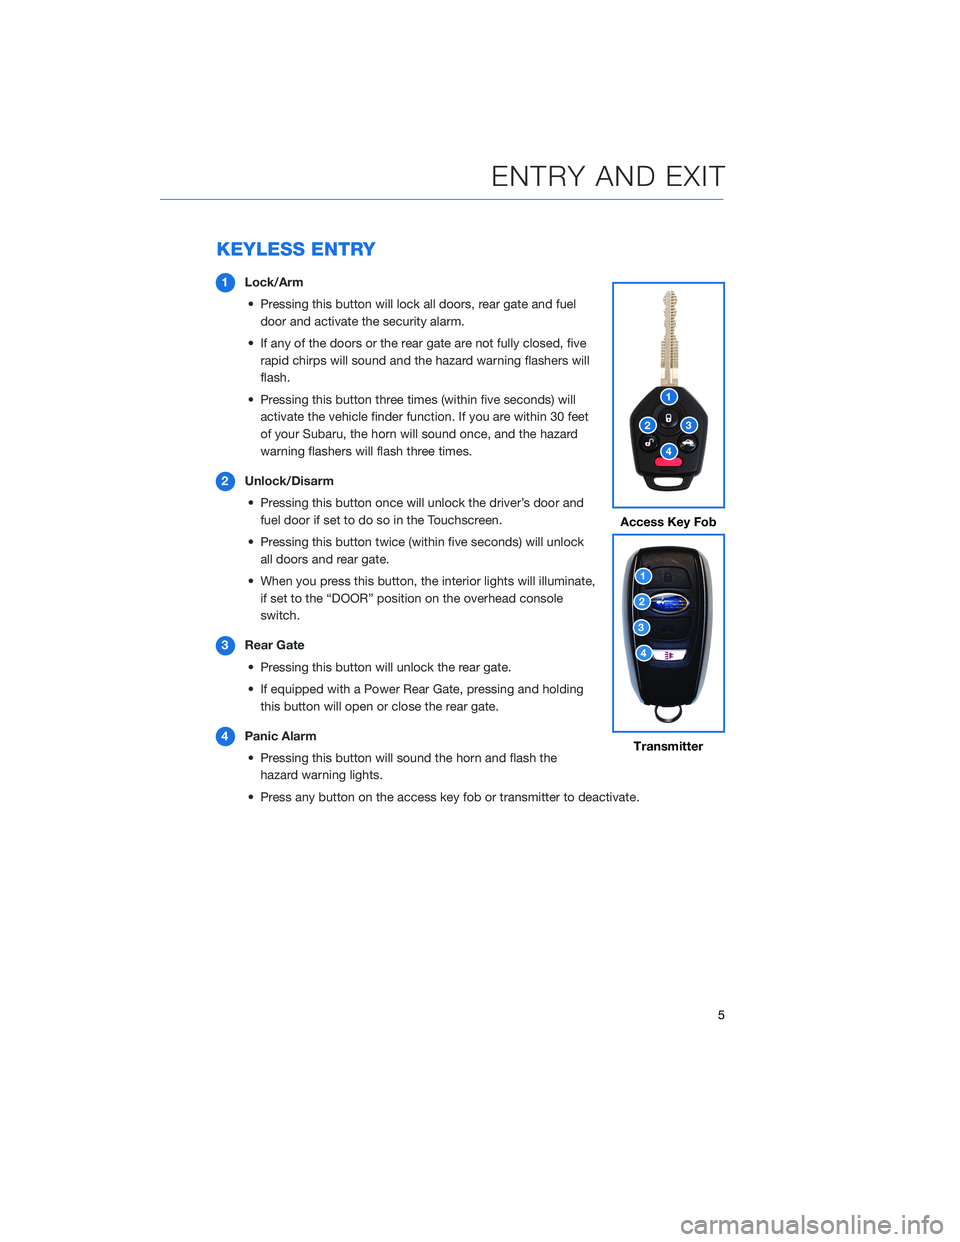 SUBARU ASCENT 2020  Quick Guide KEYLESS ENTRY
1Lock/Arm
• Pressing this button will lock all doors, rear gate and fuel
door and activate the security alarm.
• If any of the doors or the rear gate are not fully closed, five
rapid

■ Exercise description ■
Look through the entries above for the word "doors". Copy every line where it shows up.

■ Result ■
• Pressing this button will lock all doors, rear gate and fuel
• If any of the doors or the rear gate are not fully closed, five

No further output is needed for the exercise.